# St. Joe Outing May 31



## STEINFISHSKI (Jan 30, 2001)

In case anyone else is interested in joining us, a few members from the site will be getting together to fish from St Joe Saturday, May 31. Afterwards we are planning to grill some food and have a post trip get together at Riverview Park. The fishing has been good and there a few options available for guys coming in from out of town. Come for the fishing or the get together and hope to see you there.

Tim


----------



## DonP (Nov 15, 2000)

Hmmmm....

Let me think.... might have to twist my arm to make this one! 

OK... OK... Uncle... Uncle!!!!! 

Hey Steinski.... need a ride?


----------



## STEINFISHSKI (Jan 30, 2001)

Count me in for a crew member Don. Thanks for the offer.

Tim


----------



## SalmonSlayer (Jan 18, 2000)

Oh yeah I remember....I HAVE TO GO FISHING!!!!!!!!!!!!!!

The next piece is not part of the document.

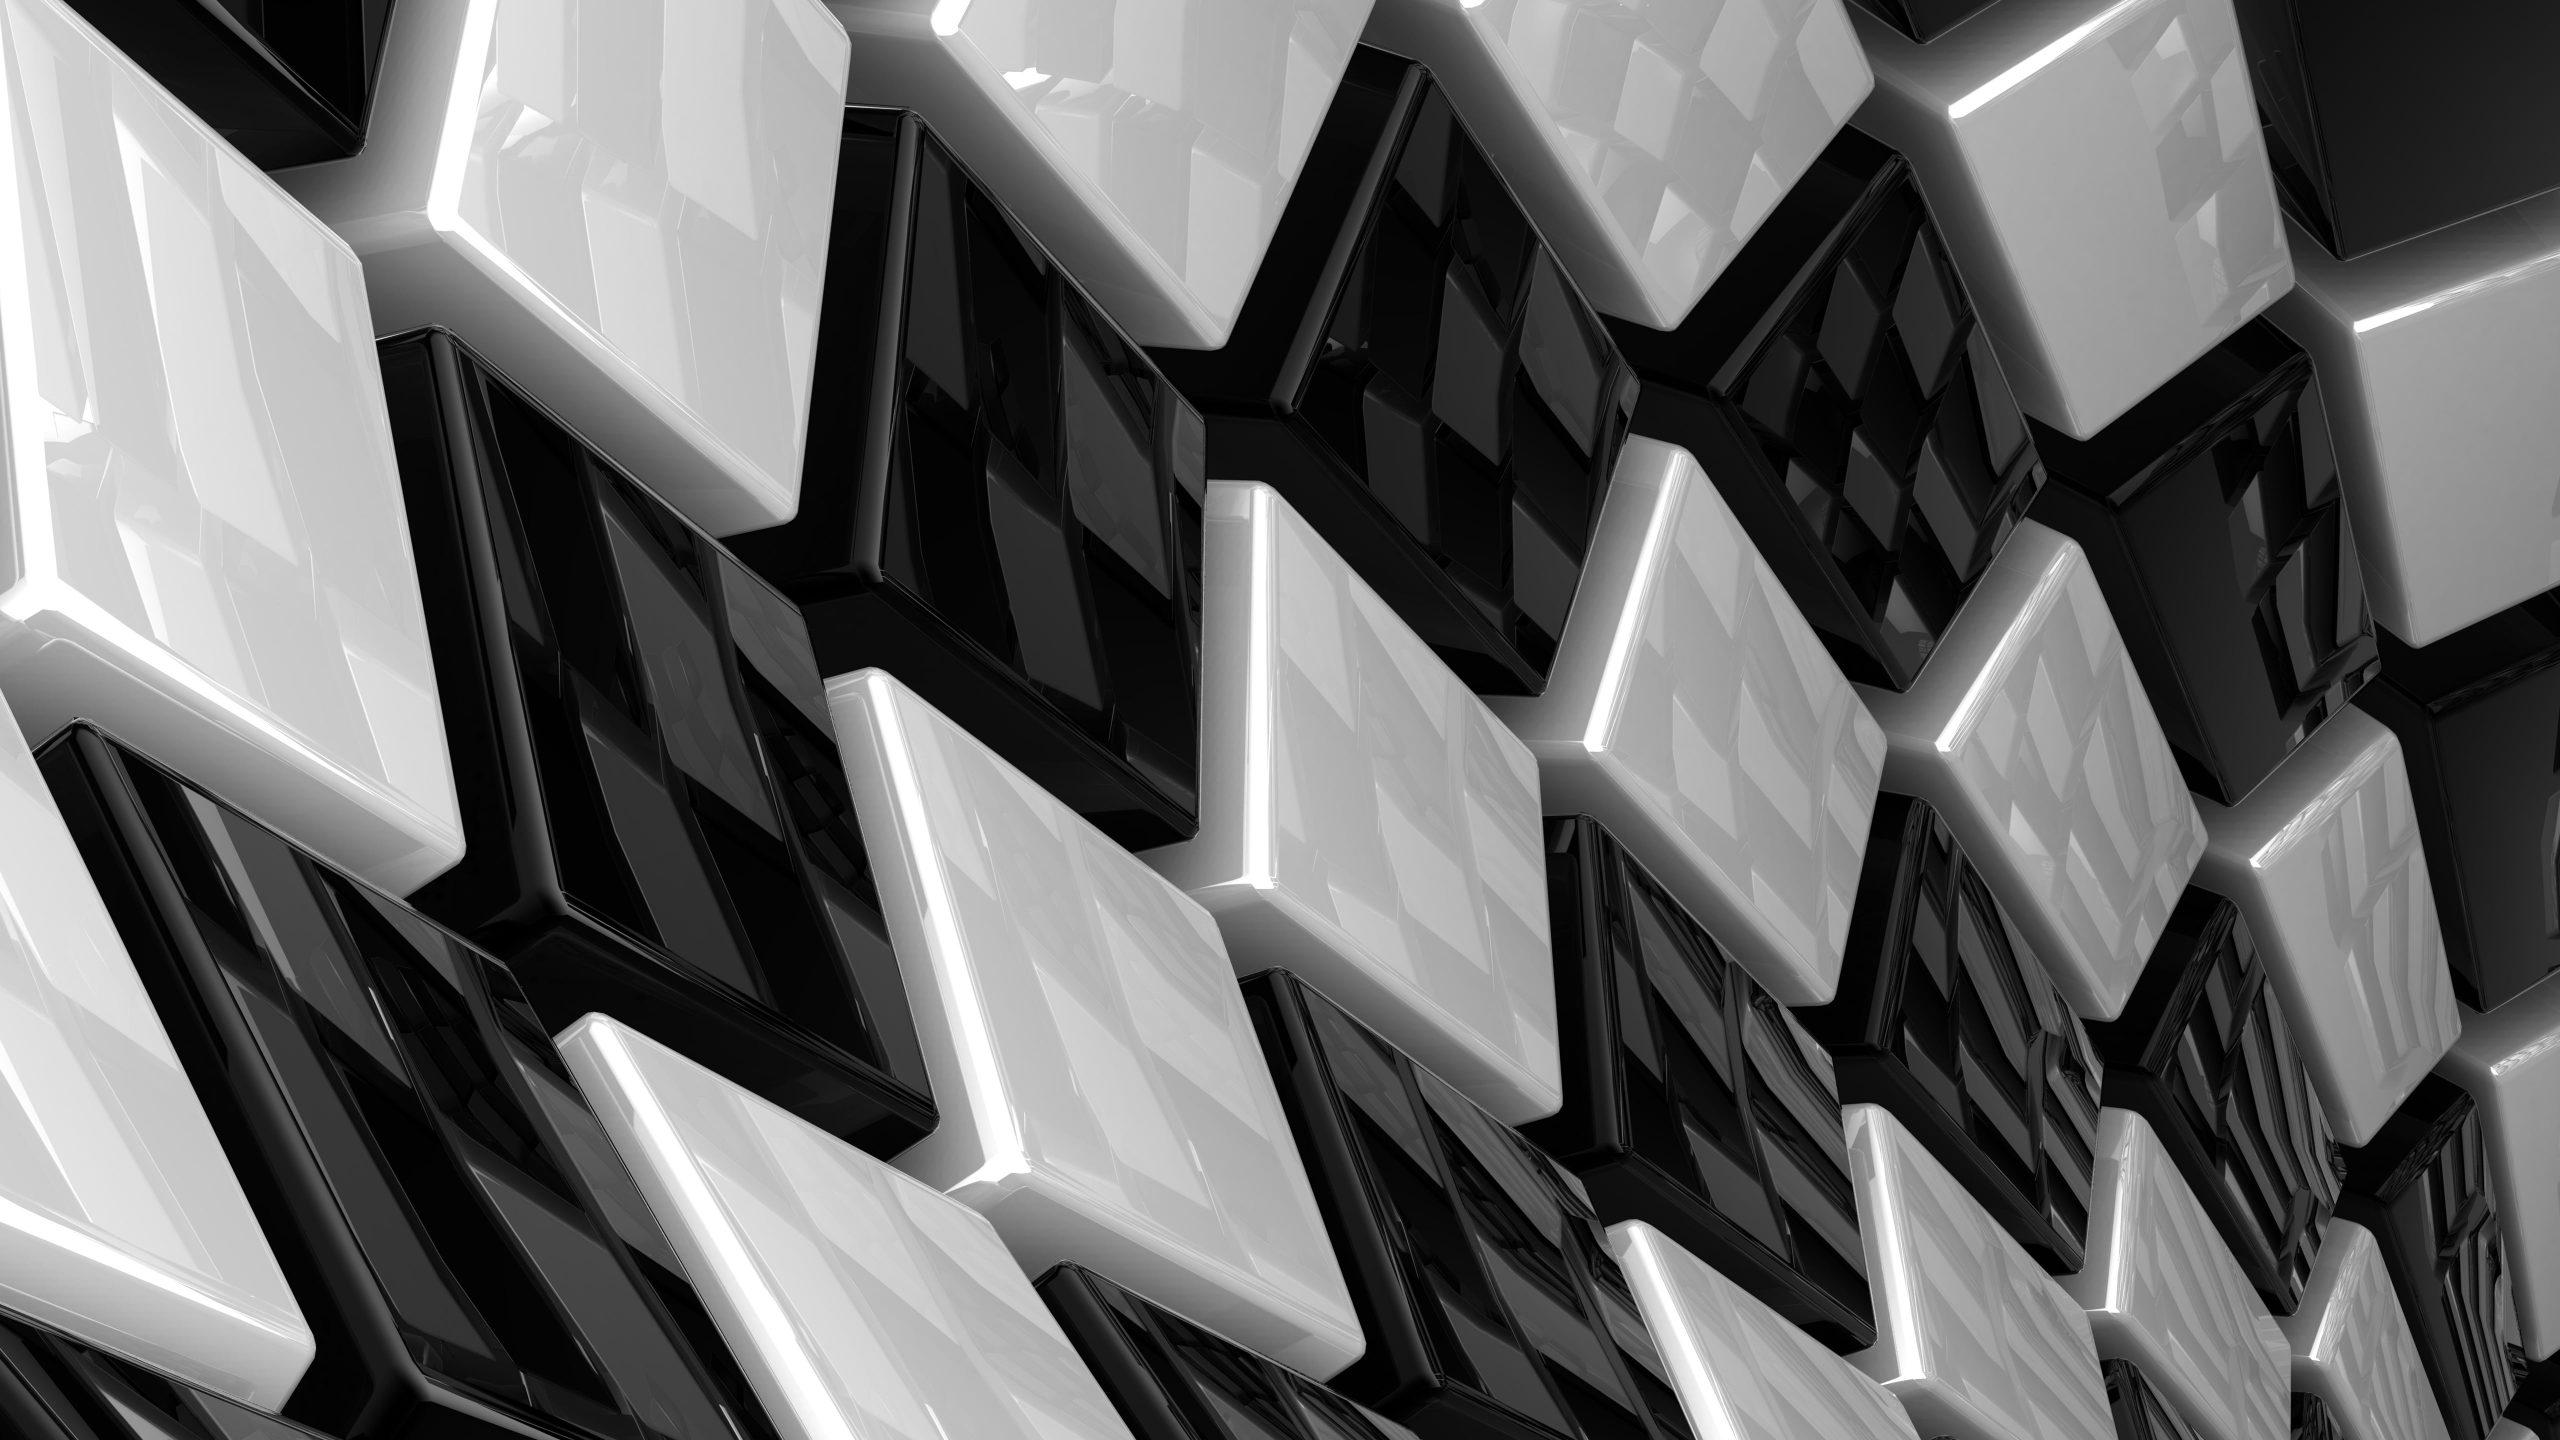 Abstract Wallpaper

I'm in either with a boat or as a crew member, depends how many people we get without a boat ride. This will be a great gathering!

ben


----------



## mich buckmaster (Nov 20, 2001)

I do NOT have a boat to go on Lake Michigan, so if anyone has room I would be abliged(sp). 

I would like to make this outing.


----------



## tgafish (Jan 19, 2001)

Tim I've been drooling over the thought of digging into some of that salsa you make. I think I'll bring a personal bag of chips.

For those interested I run a 17ft Deep V Tracker. Already made an offer to ride to Hunter333 but if he backs out I'll need a passenger. 

Sorta in the same thought as SS. However the numbers go I wouldn't mind being a captain or a mate. Now if mother nature would give us a break for a while.....

Tom


----------



## STEELHEAD (Jan 14, 2001)

I have room for 3 people on my boat. SalmonSlayer and 
Buckmaster you can fish with me if you want? Let me know if you guys would like a ride.


----------



## POLARBEAR (May 13, 2002)

i think i could use a trip like this.  if my boat is down i will need a ride. fri, sat, sun. lets go fishin!


----------



## mich buckmaster (Nov 20, 2001)

Steelhead!! Thanks a ton, I would love it. I will bring some eats and drinks. Also a little gas fund!! 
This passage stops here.